--- Dataset section Enclosed Below ---

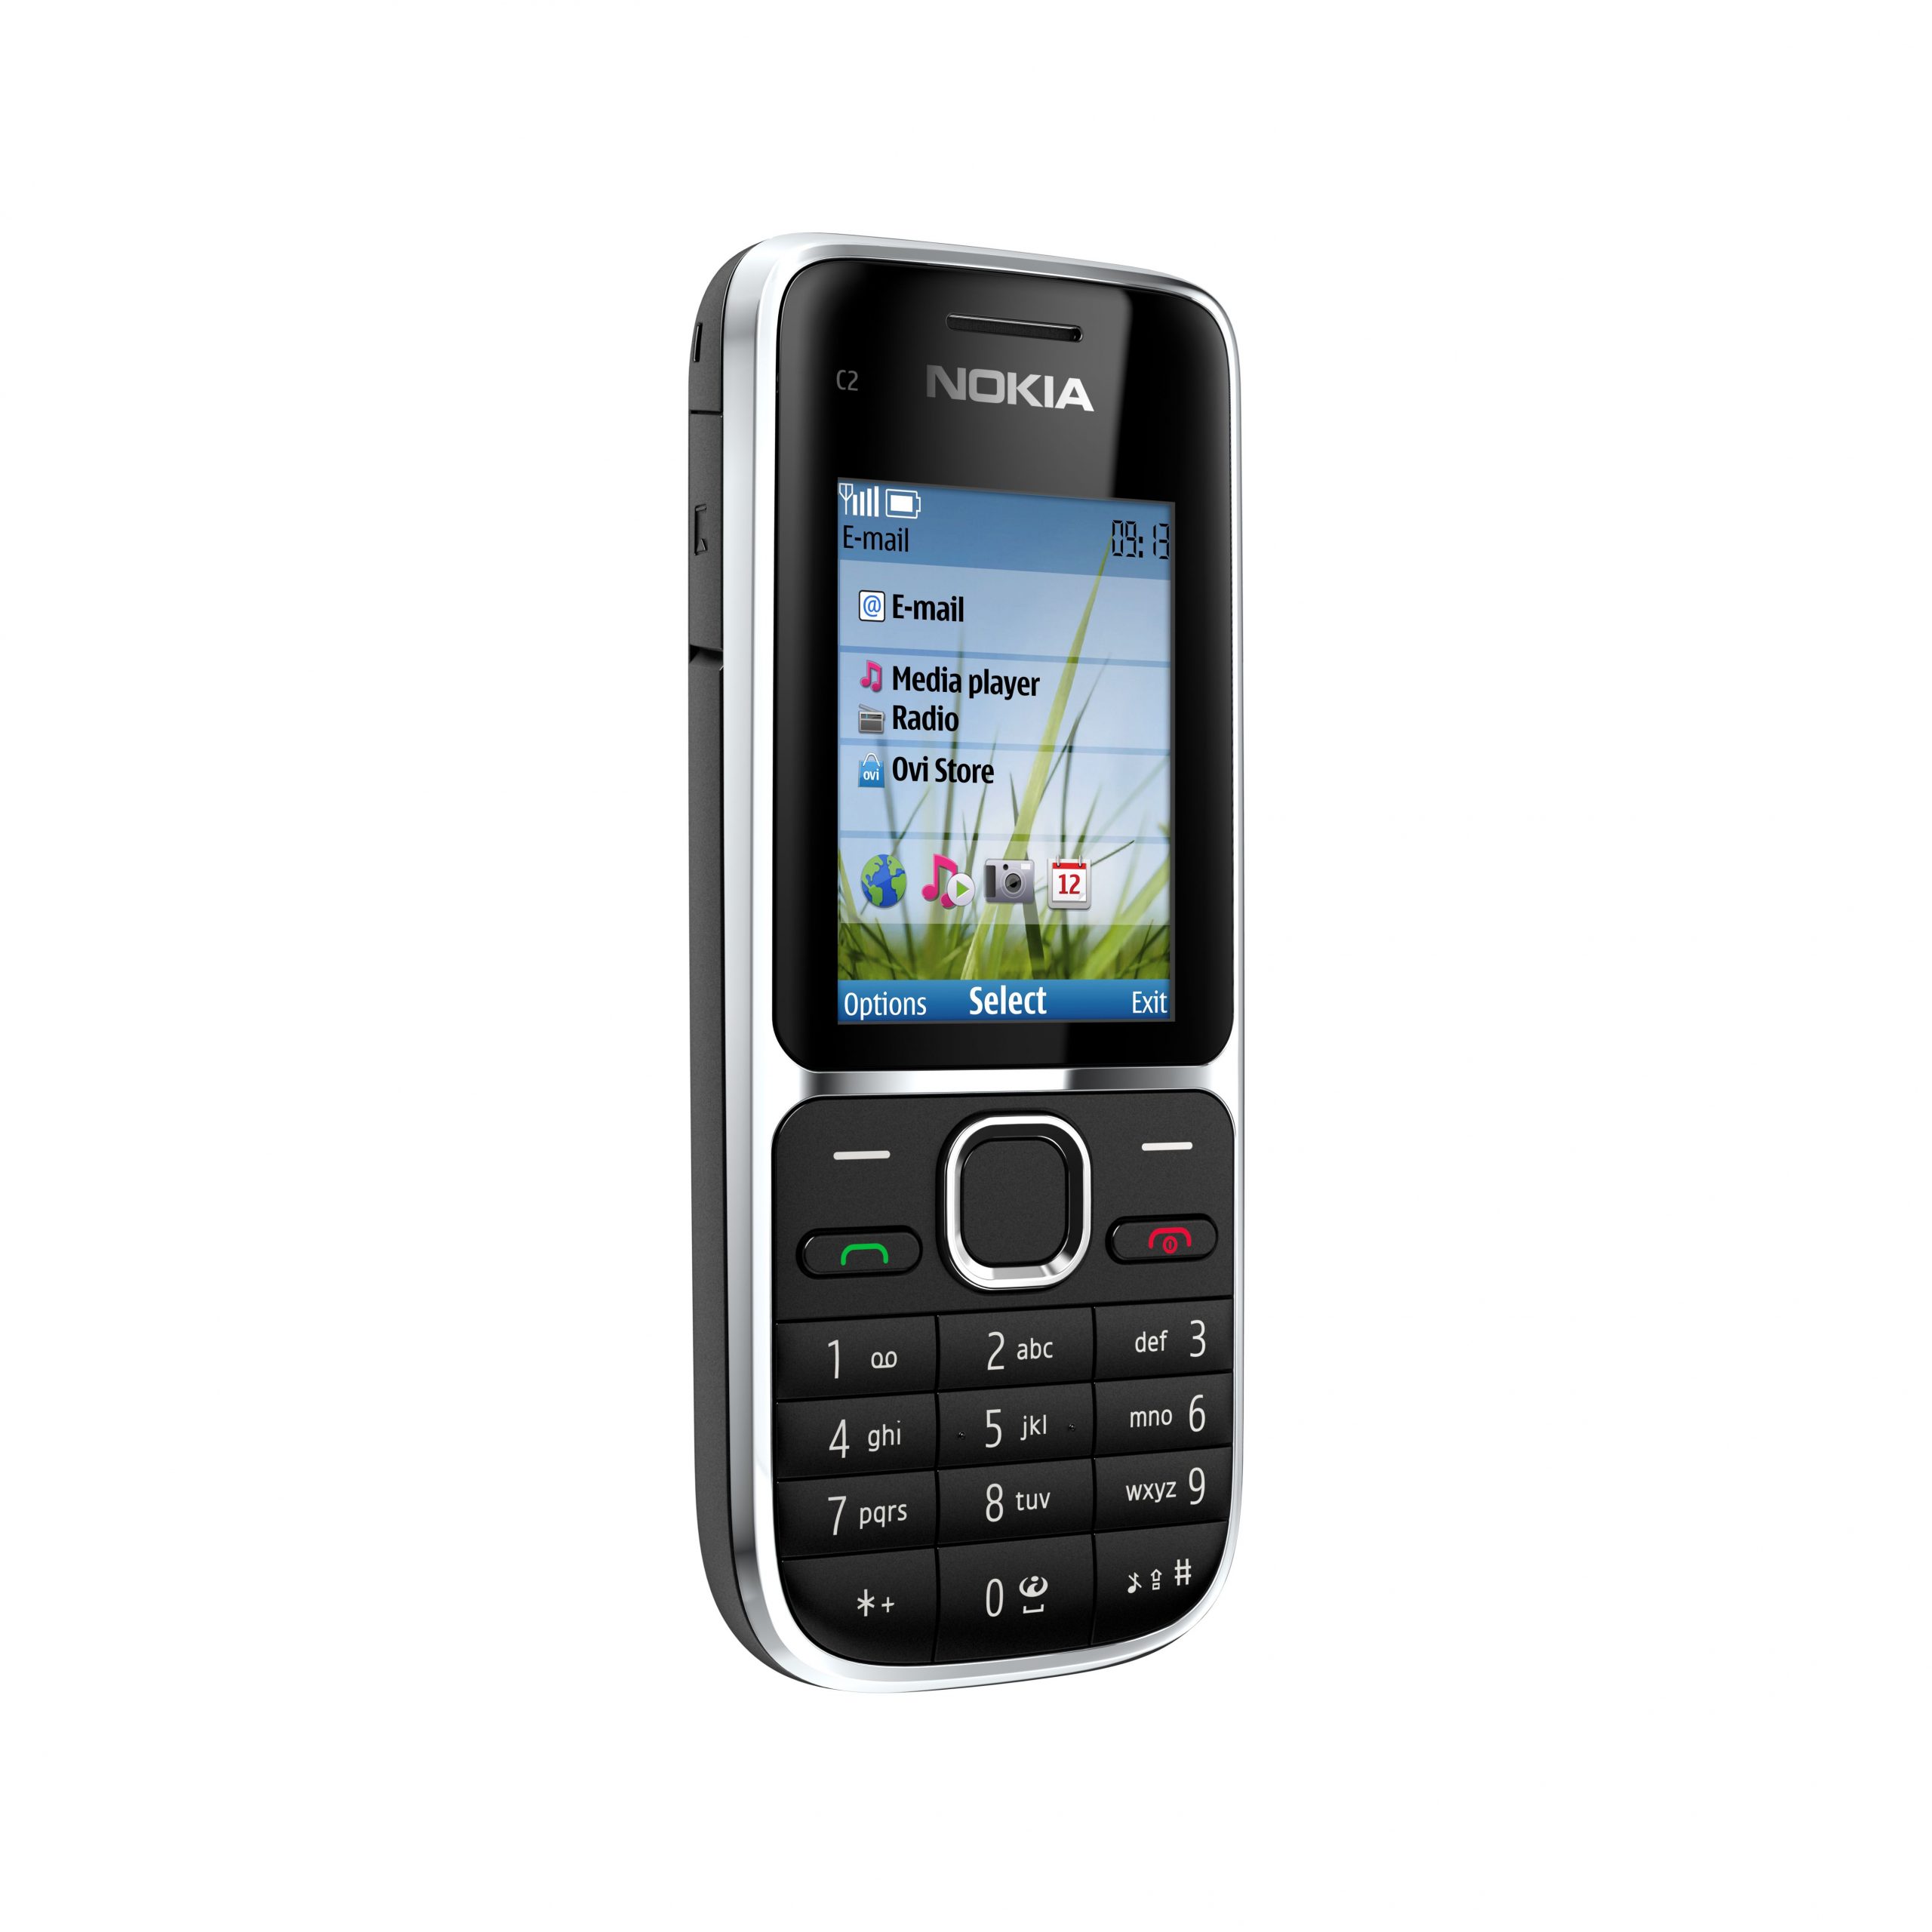 Nokia Launches Another Budget 3G Phone
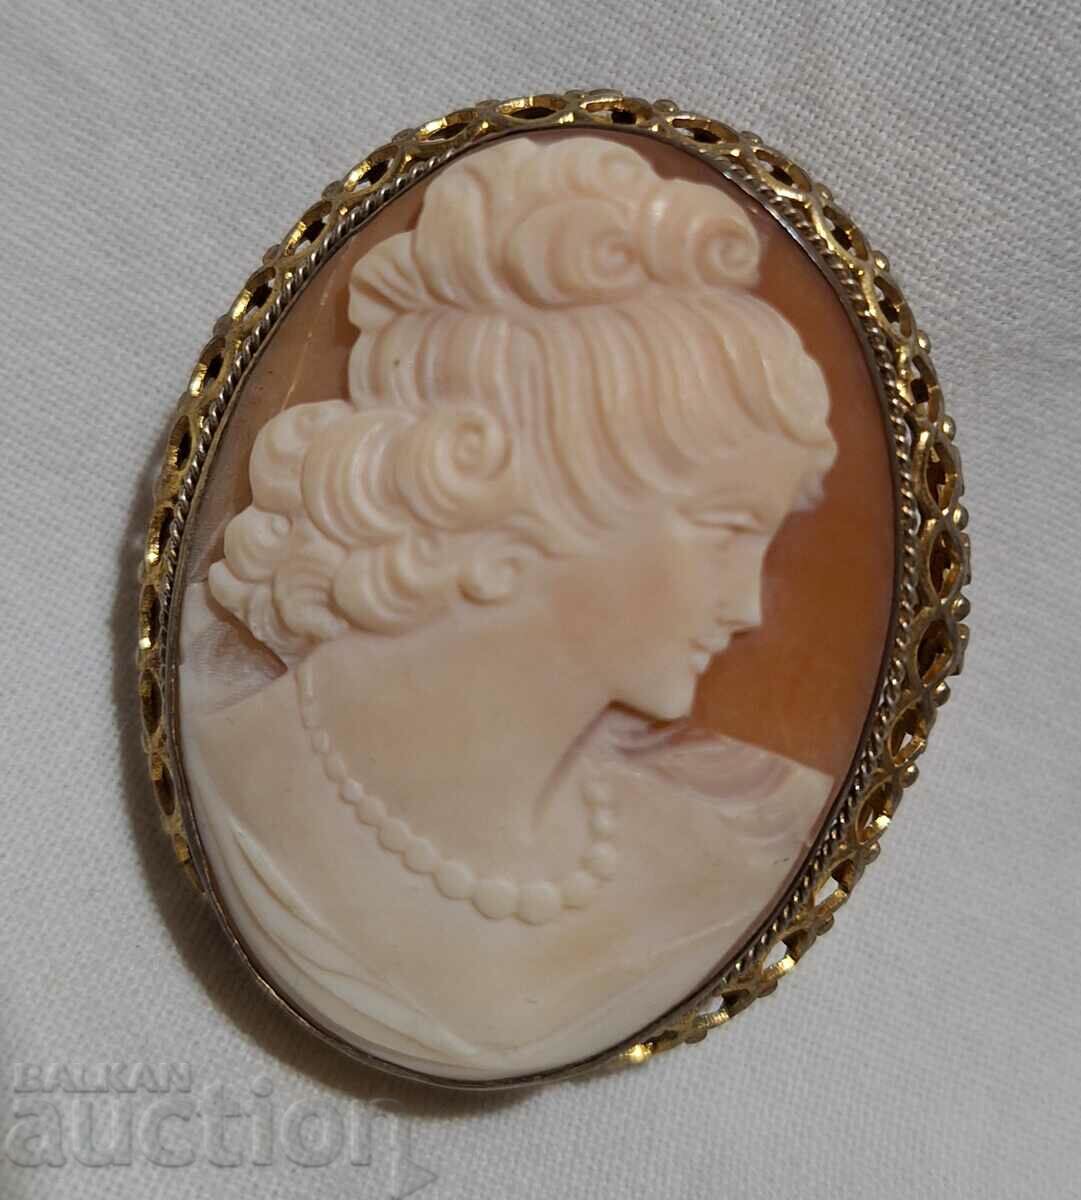 Antique jewelry with cameo brooch pendant jewelry
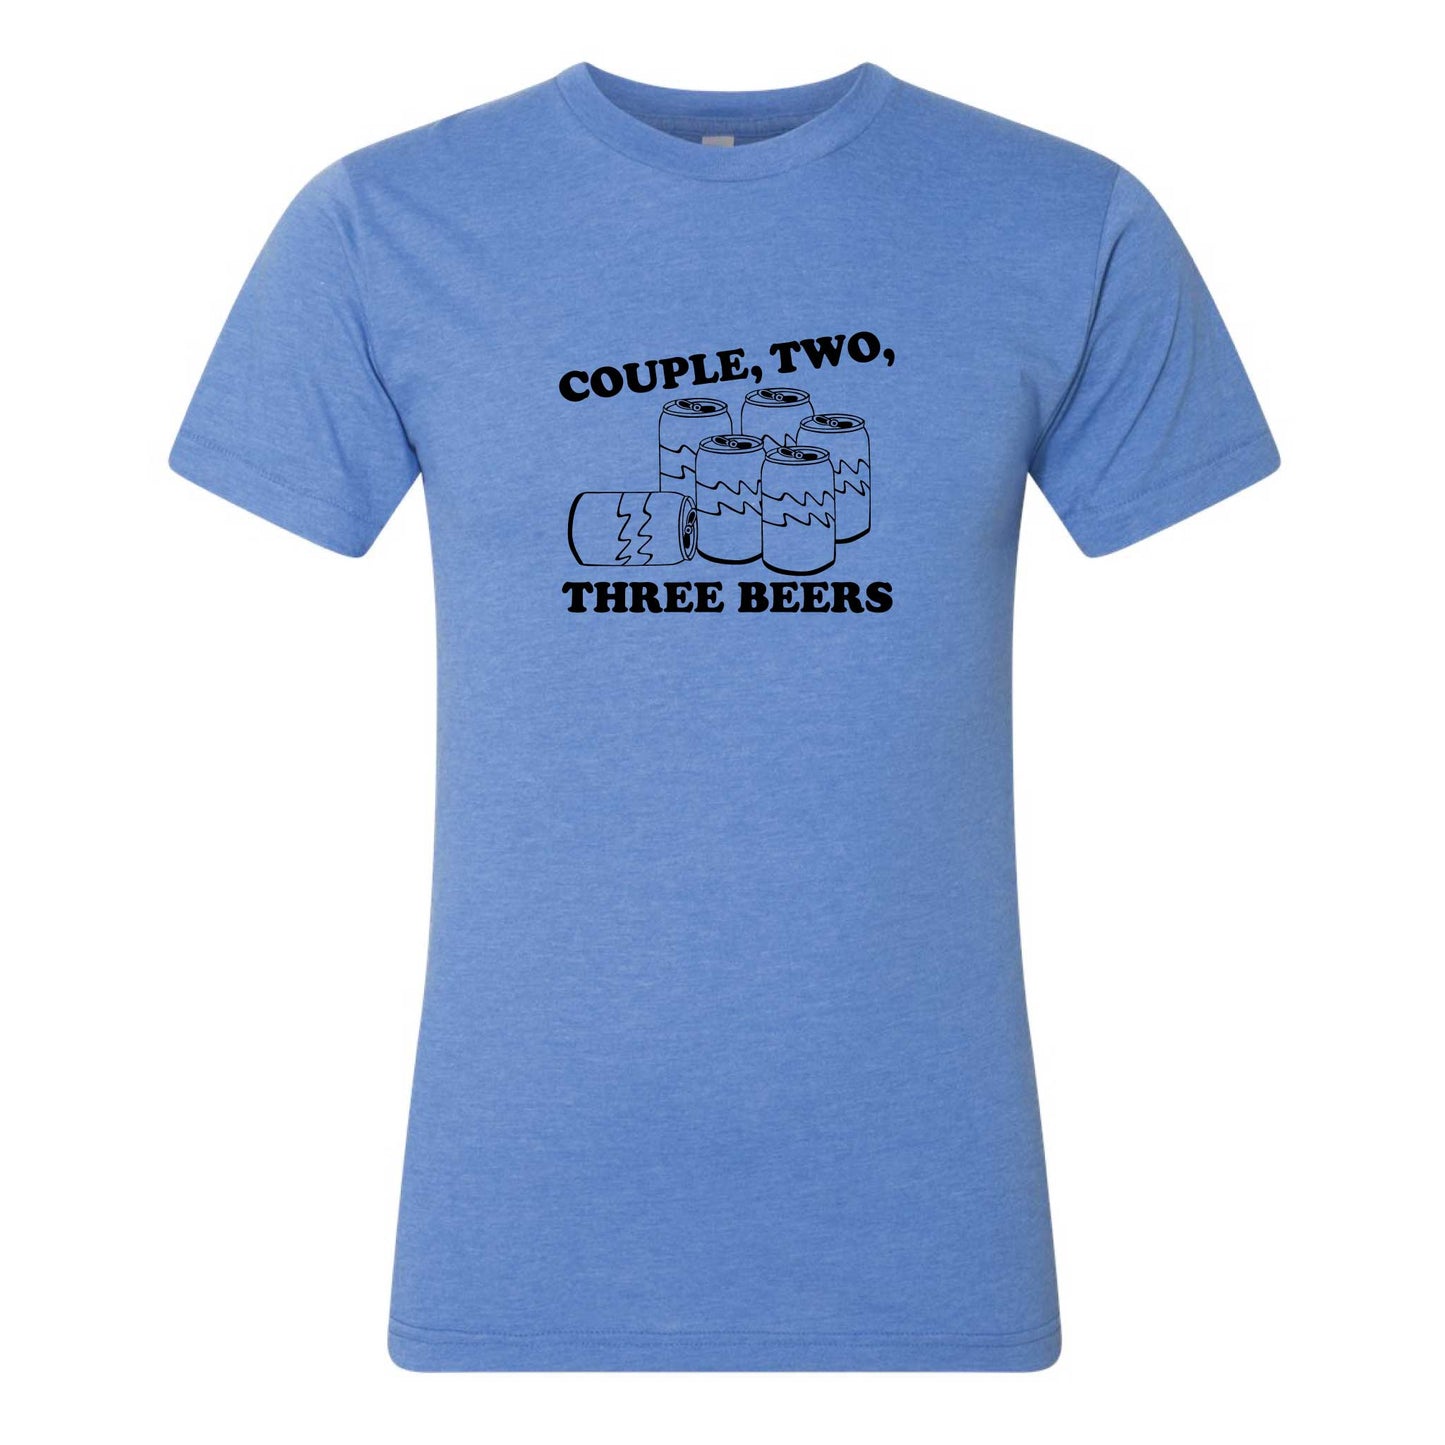 Couple, Two, Three Beers T-Shirt
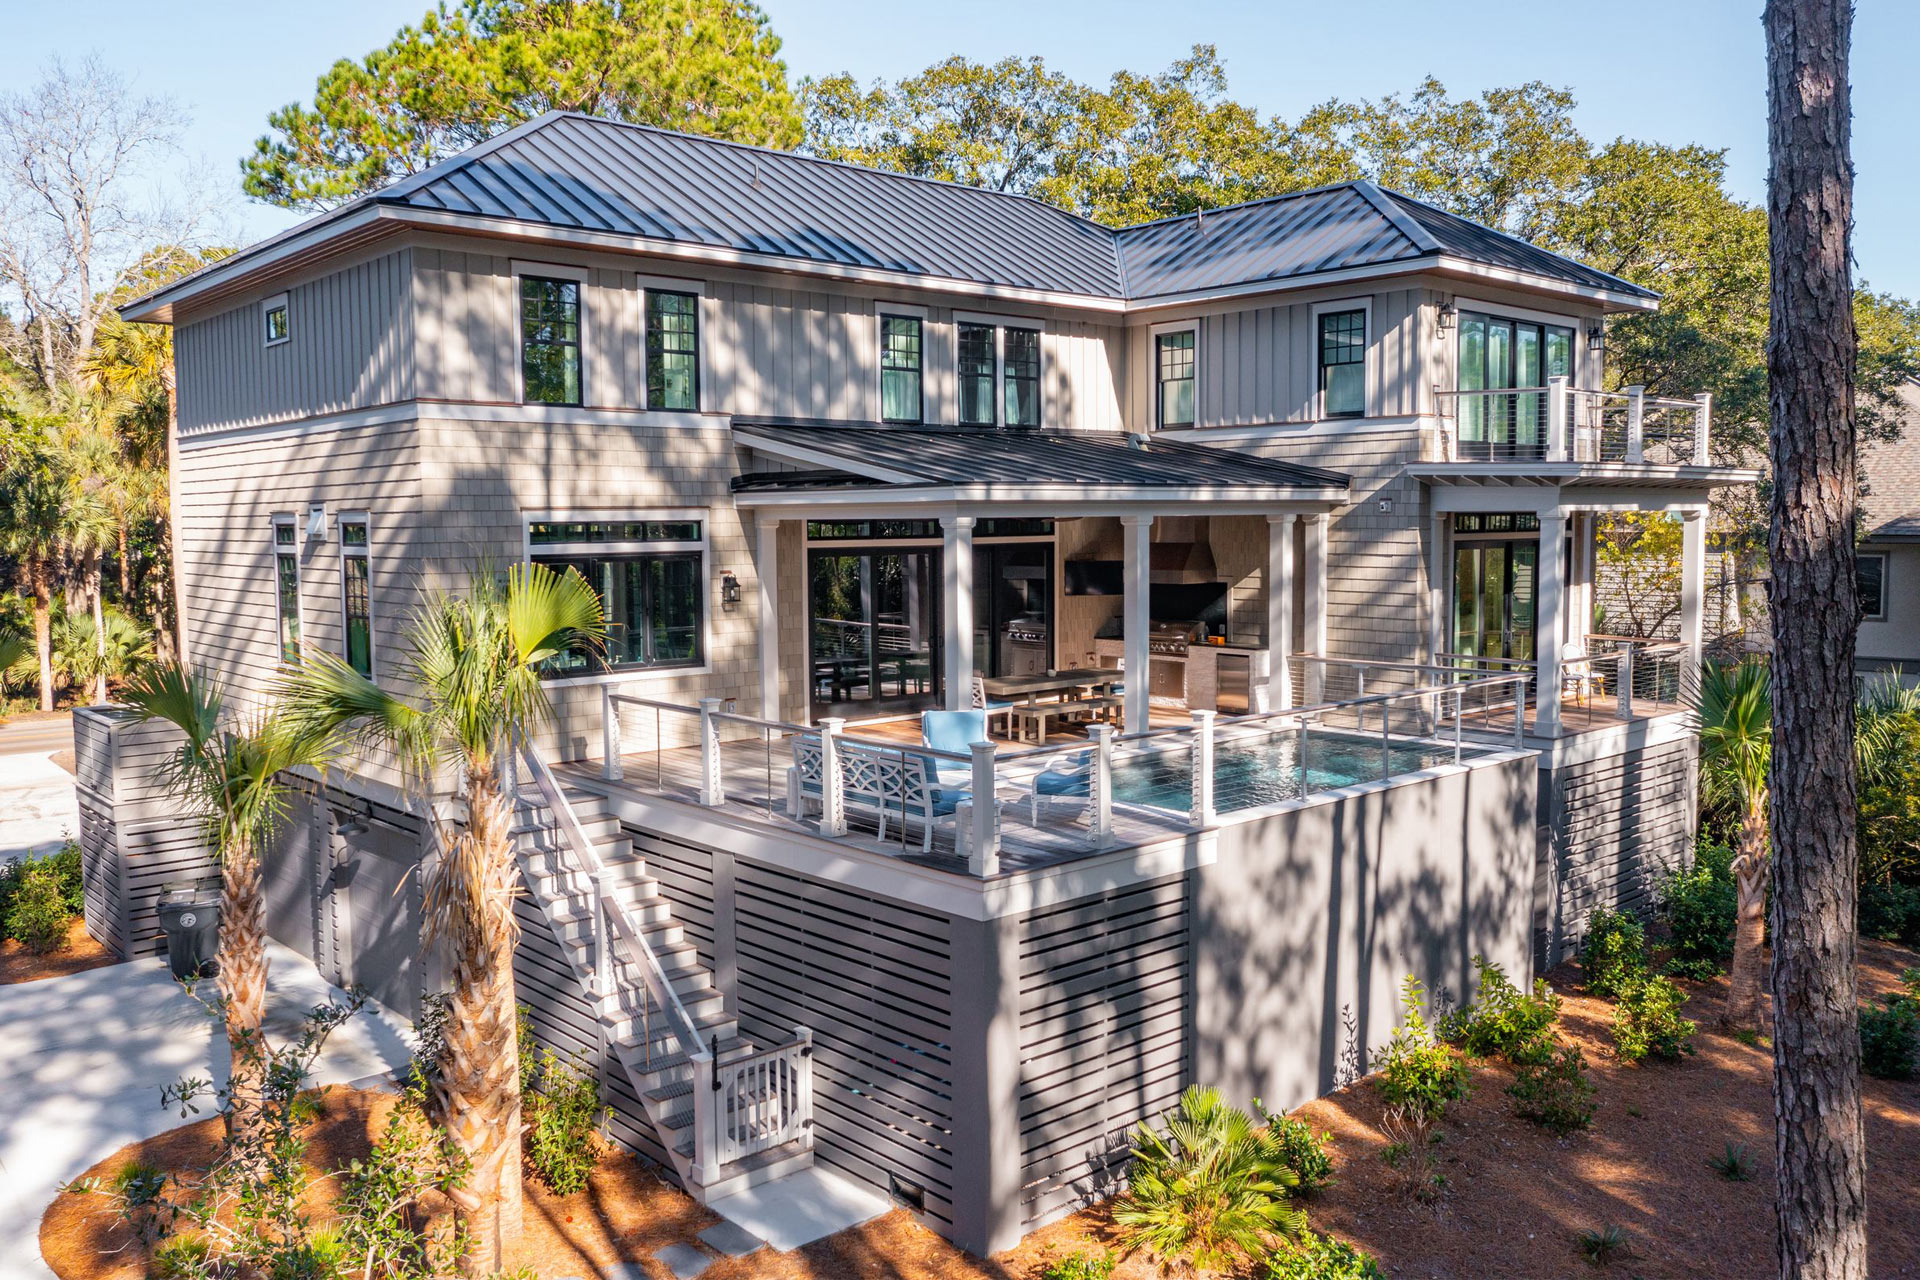 Rear view of newly designed home on Kiawah Island by Swallowtail Architecture

--- End of Enclosed Dataset section ---

What you will do: Print only the lines from the one with "Antique jewelry with" through the last line of the data above, exactly and with both ends, and please omit any pictures.

Response to this exercise:
 Antique jewelry with cameo brooch pendant jewelry
 Couple, Two, Three Beers T-Shirt
 Rear view of newly designed home on Kiawah Island by Swallowtail Architecture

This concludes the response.